**Exercise brief**.
Pictures stay out, but every line of the data is copied exactly.

**Collected material**.
※
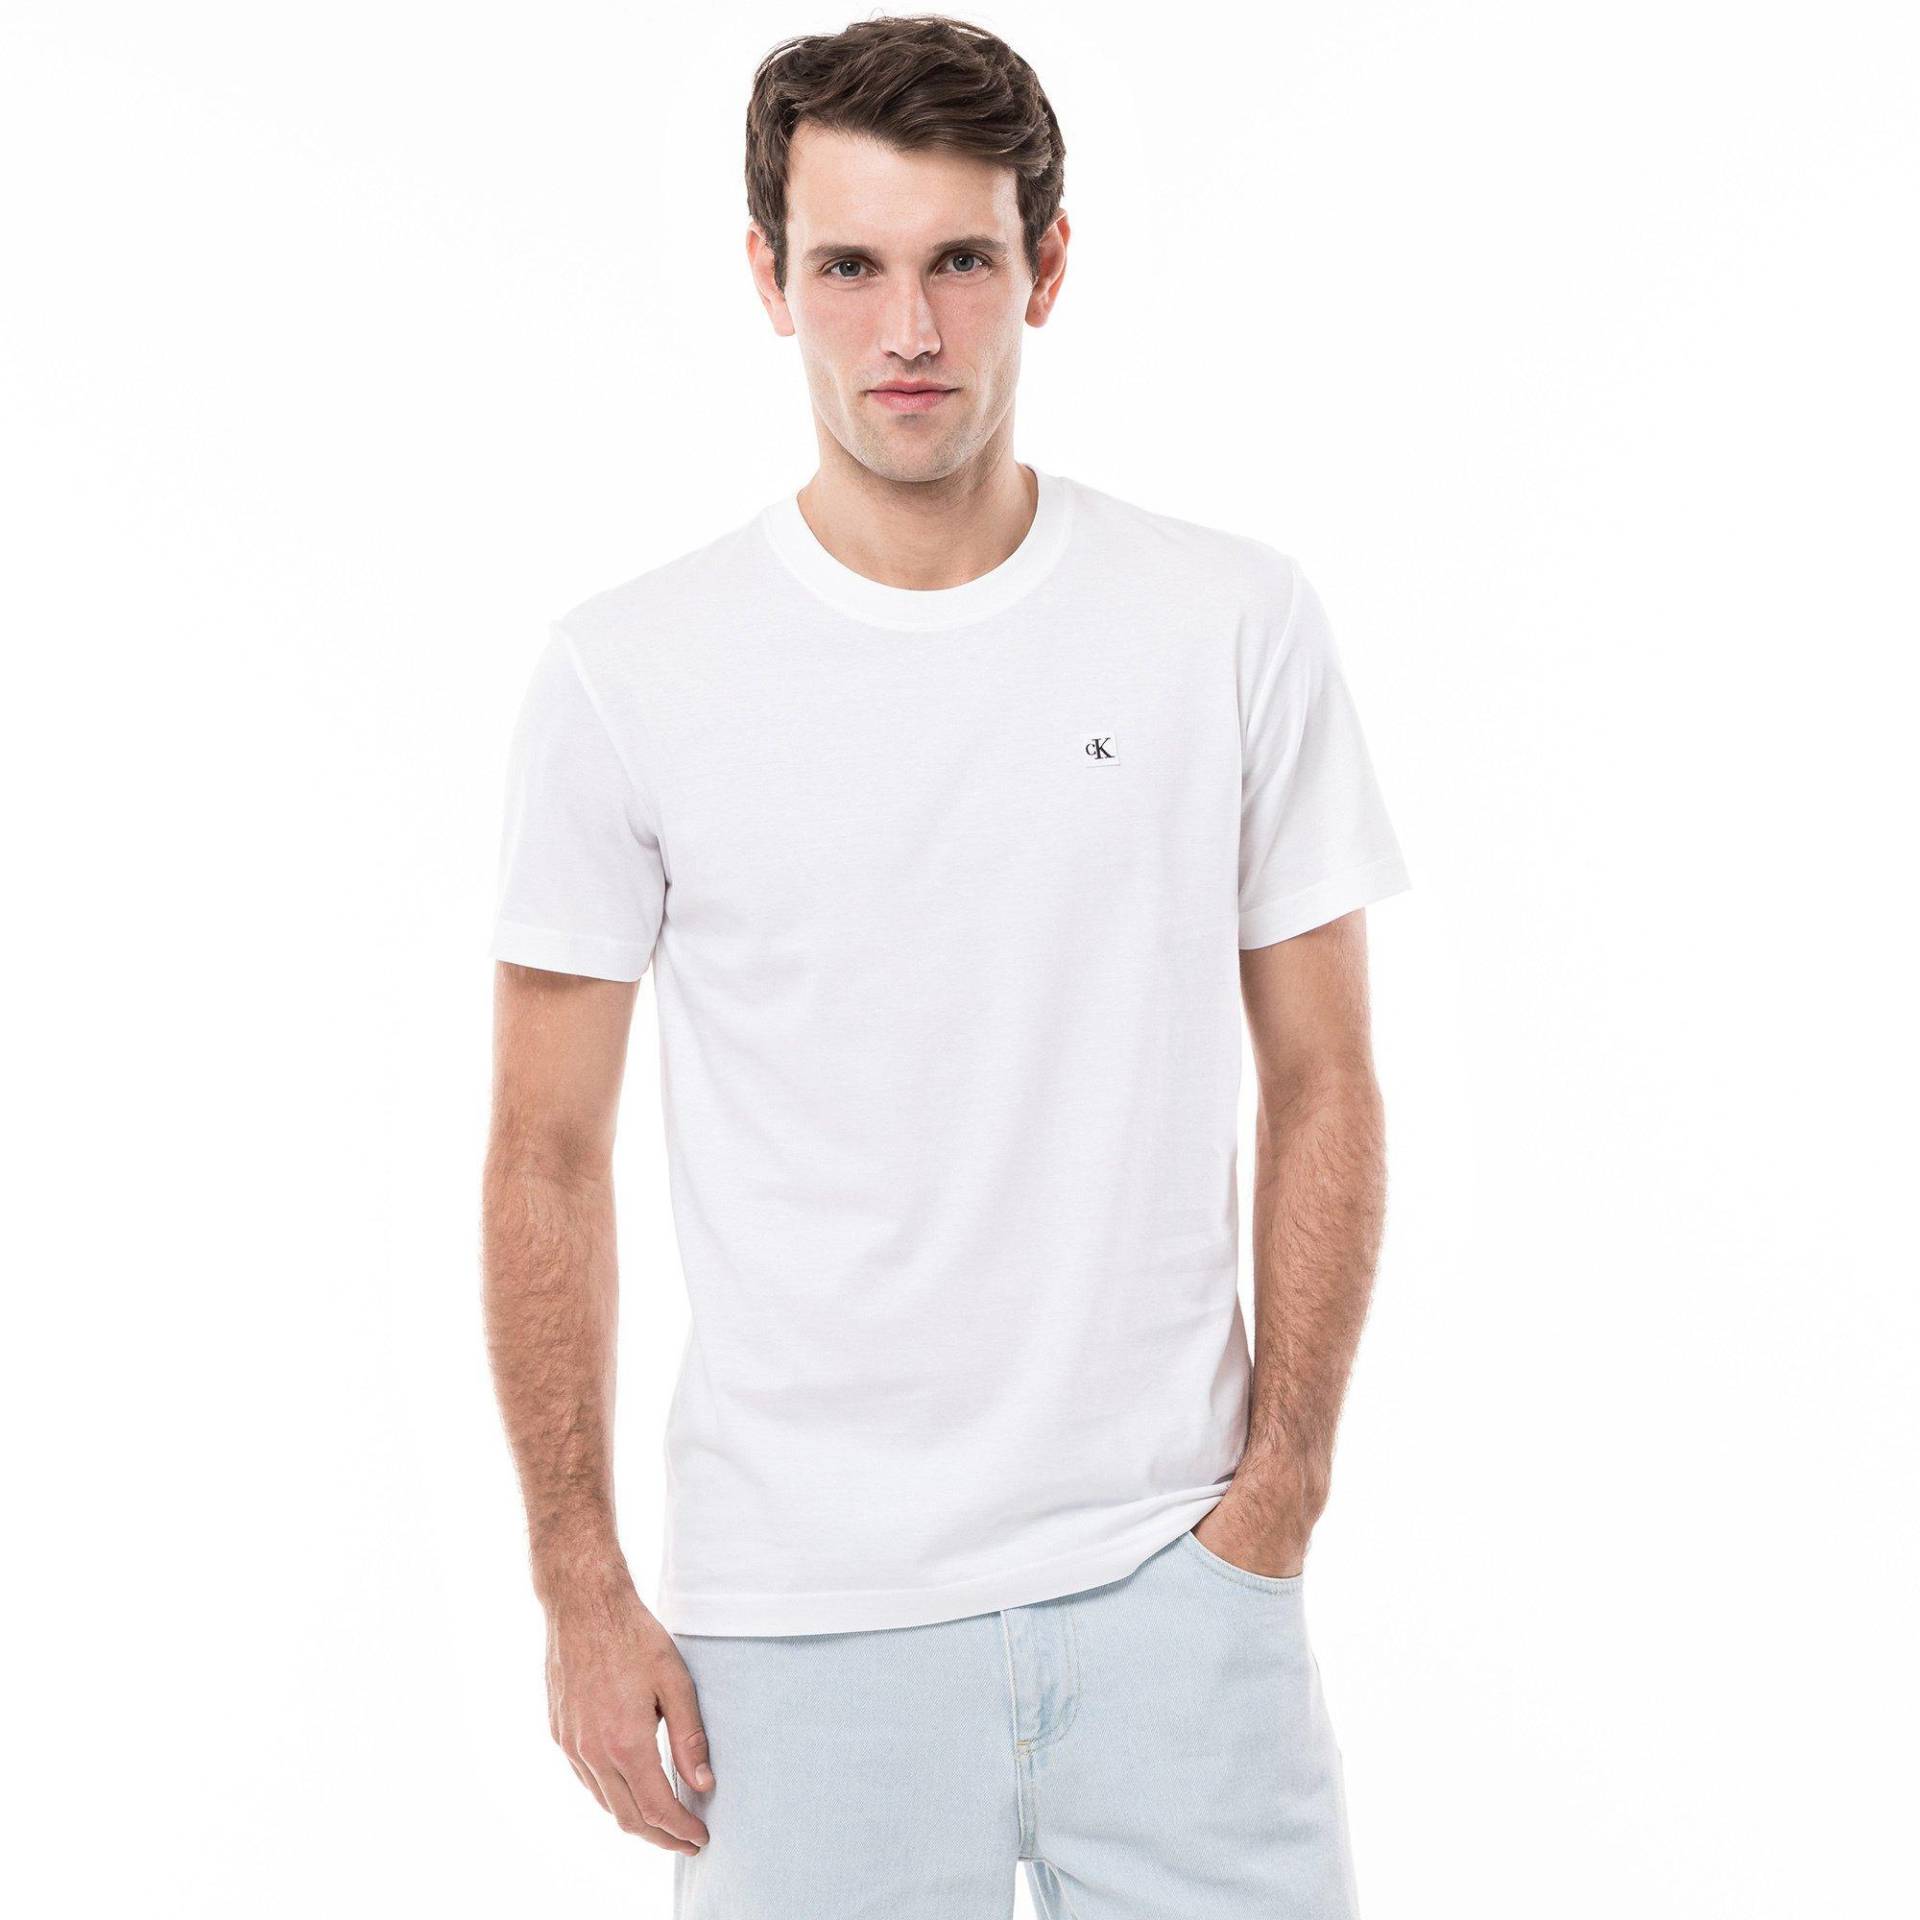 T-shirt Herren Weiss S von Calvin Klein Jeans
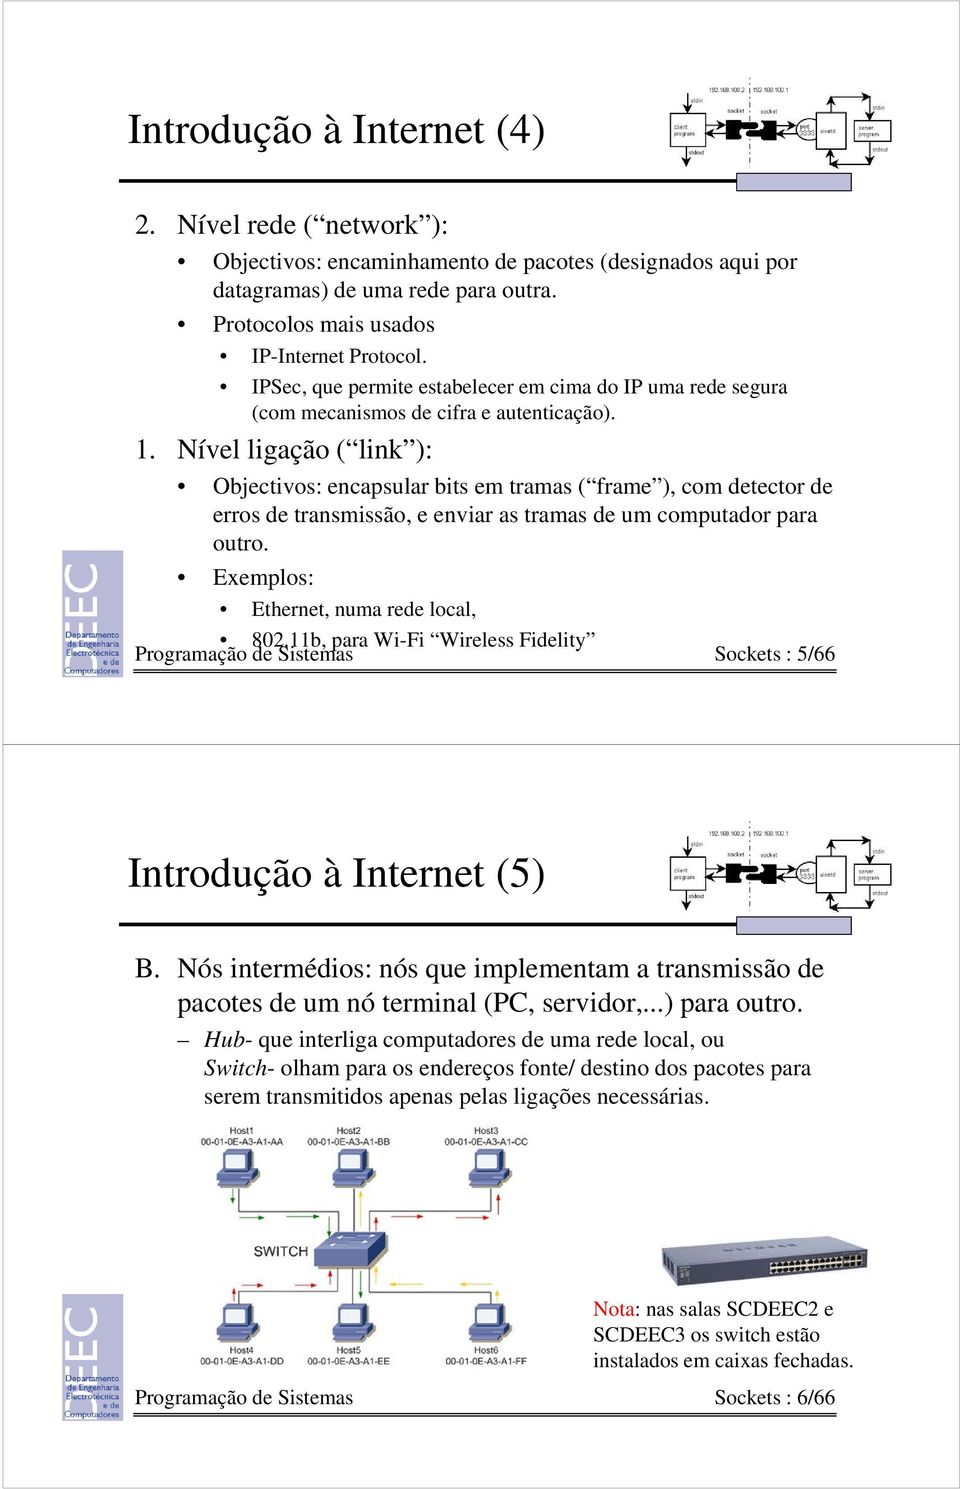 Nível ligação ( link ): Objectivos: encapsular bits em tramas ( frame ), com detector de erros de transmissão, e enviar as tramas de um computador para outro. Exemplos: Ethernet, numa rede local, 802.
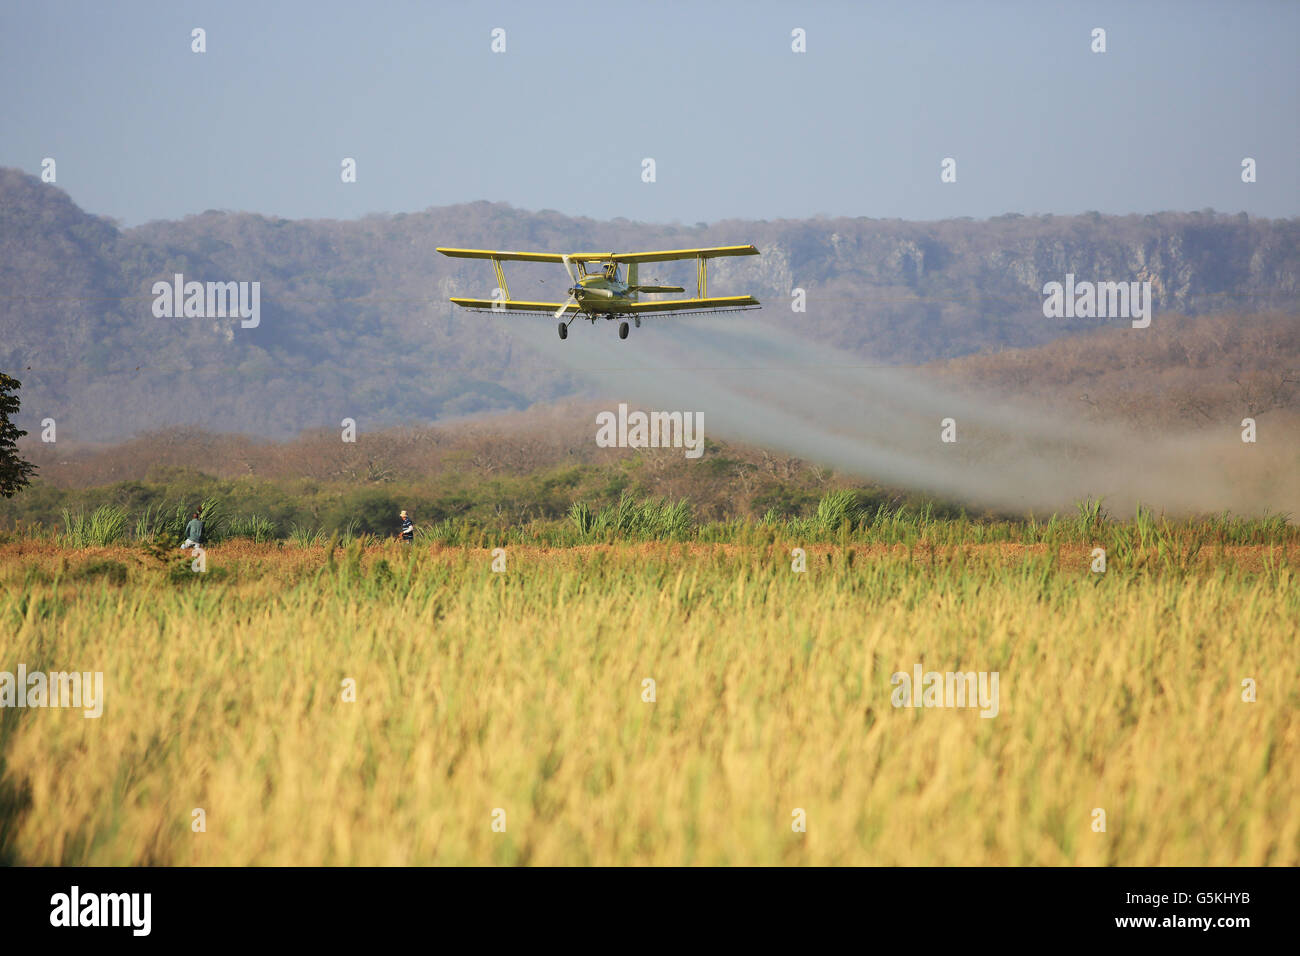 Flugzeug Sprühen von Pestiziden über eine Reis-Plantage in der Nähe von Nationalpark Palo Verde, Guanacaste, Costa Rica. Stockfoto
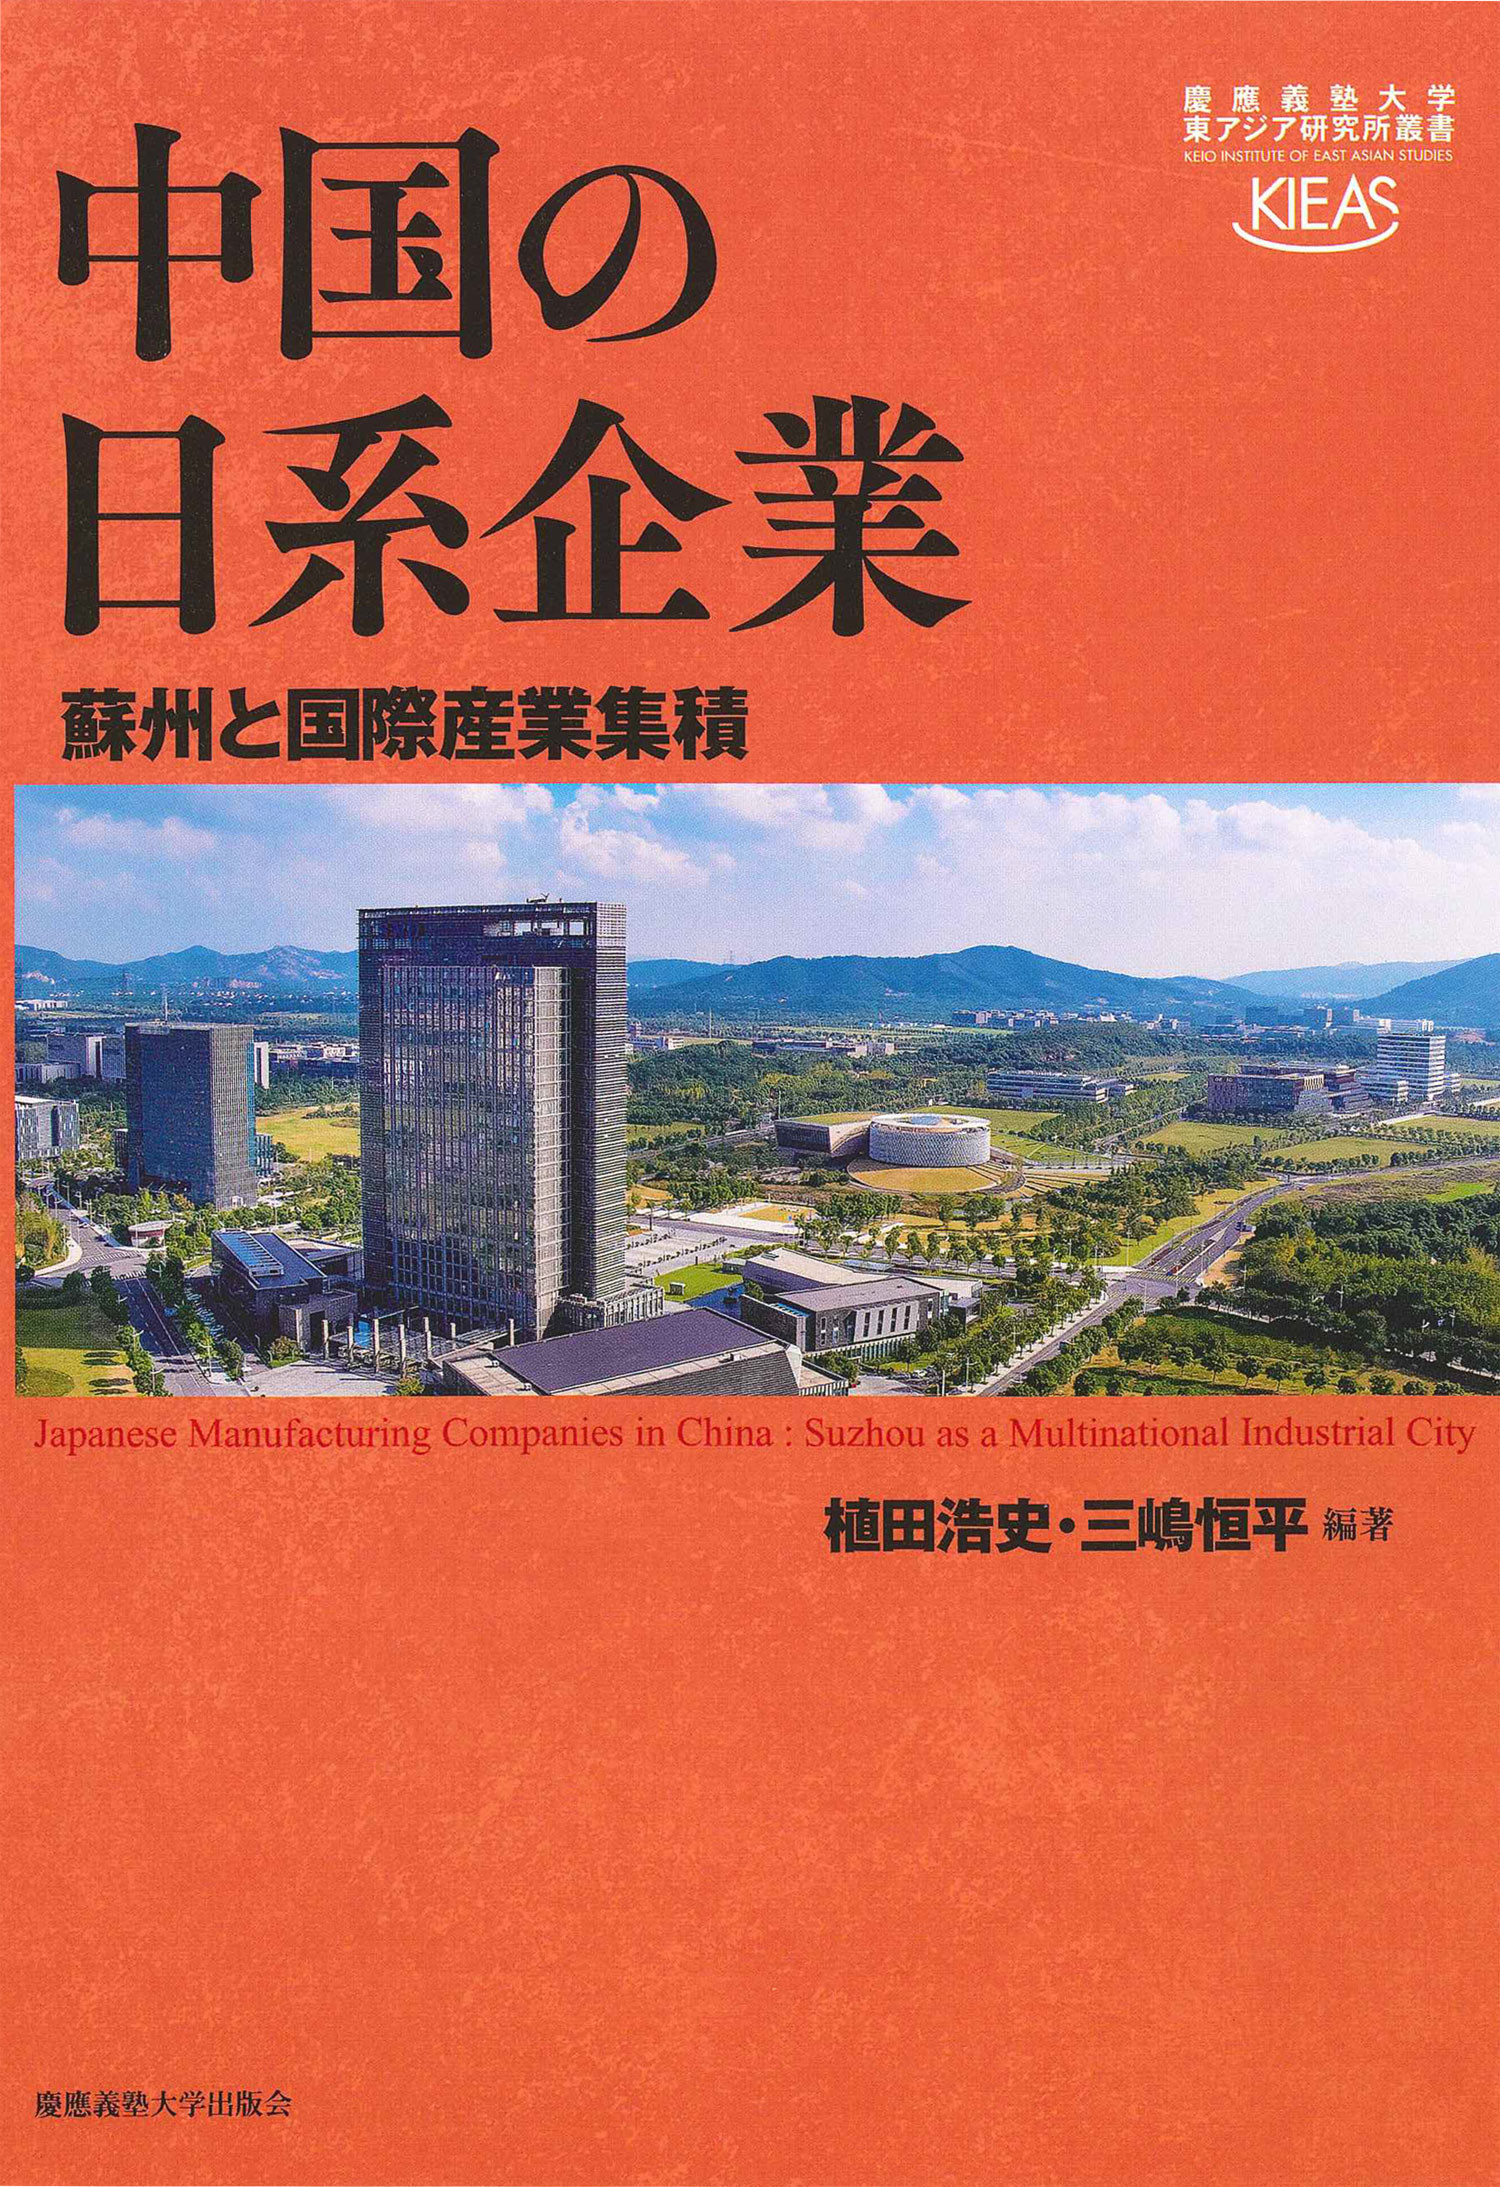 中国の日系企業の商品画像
※
**Expected answer**.
 T-shirt Herren Weiss S von Calvin Klein Jeans
 Nível ligação ( link ): Objectivos: encapsular bits em tramas ( frame ), com detector de erros de transmissão, e enviar as tramas de um computador para outro. Exemplos: Ethernet, numa rede local, 802.
 Flugzeug Sprühen von Pestiziden über eine Reis-Plantage in der Nähe von Nationalpark Palo Verde, Guanacaste, Costa Rica. Stockfoto
 中国の日系企業の商品画像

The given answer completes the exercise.